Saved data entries
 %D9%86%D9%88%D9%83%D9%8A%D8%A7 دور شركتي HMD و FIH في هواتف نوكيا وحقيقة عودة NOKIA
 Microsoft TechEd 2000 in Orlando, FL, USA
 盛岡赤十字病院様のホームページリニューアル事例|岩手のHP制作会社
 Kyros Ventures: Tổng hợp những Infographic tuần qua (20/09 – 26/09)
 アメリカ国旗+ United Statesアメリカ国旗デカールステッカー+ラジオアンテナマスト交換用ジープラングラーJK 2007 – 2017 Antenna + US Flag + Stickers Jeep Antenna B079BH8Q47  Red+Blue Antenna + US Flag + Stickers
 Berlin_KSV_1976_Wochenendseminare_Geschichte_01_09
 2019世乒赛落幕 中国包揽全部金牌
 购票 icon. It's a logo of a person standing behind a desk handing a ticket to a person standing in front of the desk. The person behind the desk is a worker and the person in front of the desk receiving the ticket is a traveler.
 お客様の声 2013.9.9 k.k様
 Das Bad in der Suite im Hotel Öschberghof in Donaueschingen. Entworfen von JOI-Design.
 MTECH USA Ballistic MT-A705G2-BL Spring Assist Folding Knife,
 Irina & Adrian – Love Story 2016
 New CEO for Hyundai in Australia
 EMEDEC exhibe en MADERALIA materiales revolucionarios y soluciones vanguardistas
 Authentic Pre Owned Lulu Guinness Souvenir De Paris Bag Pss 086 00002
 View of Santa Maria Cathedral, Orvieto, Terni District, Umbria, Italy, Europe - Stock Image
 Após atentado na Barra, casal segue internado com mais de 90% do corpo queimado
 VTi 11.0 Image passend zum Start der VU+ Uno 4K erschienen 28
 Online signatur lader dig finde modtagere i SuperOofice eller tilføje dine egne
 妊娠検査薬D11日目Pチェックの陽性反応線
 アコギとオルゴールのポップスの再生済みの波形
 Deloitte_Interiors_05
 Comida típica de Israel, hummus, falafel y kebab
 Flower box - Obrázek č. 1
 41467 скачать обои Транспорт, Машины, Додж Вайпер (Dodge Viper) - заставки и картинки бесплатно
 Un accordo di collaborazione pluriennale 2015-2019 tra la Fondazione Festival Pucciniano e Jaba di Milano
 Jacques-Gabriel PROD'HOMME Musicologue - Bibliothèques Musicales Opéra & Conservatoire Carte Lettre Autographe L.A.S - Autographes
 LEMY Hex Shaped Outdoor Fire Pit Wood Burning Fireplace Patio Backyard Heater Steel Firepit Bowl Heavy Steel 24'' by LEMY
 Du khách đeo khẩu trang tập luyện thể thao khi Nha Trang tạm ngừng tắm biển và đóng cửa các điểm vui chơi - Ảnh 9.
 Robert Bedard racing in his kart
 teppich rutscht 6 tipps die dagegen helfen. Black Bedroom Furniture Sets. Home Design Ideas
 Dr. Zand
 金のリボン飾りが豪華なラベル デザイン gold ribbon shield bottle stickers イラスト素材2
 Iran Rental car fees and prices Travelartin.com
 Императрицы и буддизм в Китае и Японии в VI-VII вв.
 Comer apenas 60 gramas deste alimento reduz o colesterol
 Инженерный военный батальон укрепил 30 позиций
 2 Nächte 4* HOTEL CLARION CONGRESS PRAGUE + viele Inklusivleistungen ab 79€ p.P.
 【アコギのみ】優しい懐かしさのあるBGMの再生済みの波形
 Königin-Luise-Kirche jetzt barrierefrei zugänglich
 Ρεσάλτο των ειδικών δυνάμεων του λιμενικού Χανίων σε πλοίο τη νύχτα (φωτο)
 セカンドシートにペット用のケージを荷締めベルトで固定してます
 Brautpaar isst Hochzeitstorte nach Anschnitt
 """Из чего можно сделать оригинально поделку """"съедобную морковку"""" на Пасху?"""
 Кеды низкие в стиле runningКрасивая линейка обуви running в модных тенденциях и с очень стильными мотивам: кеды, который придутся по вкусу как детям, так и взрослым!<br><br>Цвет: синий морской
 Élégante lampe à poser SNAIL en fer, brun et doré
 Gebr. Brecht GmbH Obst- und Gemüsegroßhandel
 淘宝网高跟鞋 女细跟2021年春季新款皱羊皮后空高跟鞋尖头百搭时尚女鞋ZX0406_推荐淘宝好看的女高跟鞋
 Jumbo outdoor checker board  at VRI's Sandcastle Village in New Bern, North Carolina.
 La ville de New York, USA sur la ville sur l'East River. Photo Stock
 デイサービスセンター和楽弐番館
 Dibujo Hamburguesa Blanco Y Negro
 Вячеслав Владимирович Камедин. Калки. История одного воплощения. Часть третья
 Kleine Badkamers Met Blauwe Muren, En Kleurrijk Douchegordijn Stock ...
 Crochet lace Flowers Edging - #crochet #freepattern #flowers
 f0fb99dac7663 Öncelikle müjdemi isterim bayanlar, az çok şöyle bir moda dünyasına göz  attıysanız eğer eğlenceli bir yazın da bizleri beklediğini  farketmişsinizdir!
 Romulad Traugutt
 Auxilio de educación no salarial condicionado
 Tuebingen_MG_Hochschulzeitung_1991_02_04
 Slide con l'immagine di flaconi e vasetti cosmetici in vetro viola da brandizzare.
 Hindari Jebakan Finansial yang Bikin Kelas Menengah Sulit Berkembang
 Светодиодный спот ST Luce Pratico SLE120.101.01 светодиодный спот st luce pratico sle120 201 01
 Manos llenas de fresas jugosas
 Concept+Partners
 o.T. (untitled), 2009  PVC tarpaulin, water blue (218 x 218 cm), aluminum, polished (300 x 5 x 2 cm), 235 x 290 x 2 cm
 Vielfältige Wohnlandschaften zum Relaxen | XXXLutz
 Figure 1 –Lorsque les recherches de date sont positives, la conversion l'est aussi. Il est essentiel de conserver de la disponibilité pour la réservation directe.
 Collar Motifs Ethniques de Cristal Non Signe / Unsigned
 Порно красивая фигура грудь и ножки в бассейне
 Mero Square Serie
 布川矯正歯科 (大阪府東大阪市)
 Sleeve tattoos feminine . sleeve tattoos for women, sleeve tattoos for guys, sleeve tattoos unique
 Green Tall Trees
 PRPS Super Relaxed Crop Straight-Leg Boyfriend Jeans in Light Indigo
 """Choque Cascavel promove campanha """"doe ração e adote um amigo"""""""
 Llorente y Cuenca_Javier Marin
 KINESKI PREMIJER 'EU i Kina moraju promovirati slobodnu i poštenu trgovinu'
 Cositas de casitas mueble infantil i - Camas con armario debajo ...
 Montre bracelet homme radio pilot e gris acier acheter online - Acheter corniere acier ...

REQUIRED ACTION:
Take the lines from the top of the data through the one that contains "アメリカ国旗+ United Statesアメリカ国旗デカールステッカー+ラジオアンテナマスト交換用ジープラングラーJK" and copy them exactly, leaving out every line after it.

YOUR RESPONSE:
 %D9%86%D9%88%D9%83%D9%8A%D8%A7 دور شركتي HMD و FIH في هواتف نوكيا وحقيقة عودة NOKIA
 Microsoft TechEd 2000 in Orlando, FL, USA
 盛岡赤十字病院様のホームページリニューアル事例|岩手のHP制作会社
 Kyros Ventures: Tổng hợp những Infographic tuần qua (20/09 – 26/09)
 アメリカ国旗+ United Statesアメリカ国旗デカールステッカー+ラジオアンテナマスト交換用ジープラングラーJK 2007 – 2017 Antenna + US Flag + Stickers Jeep Antenna B079BH8Q47  Red+Blue Antenna + US Flag + Stickers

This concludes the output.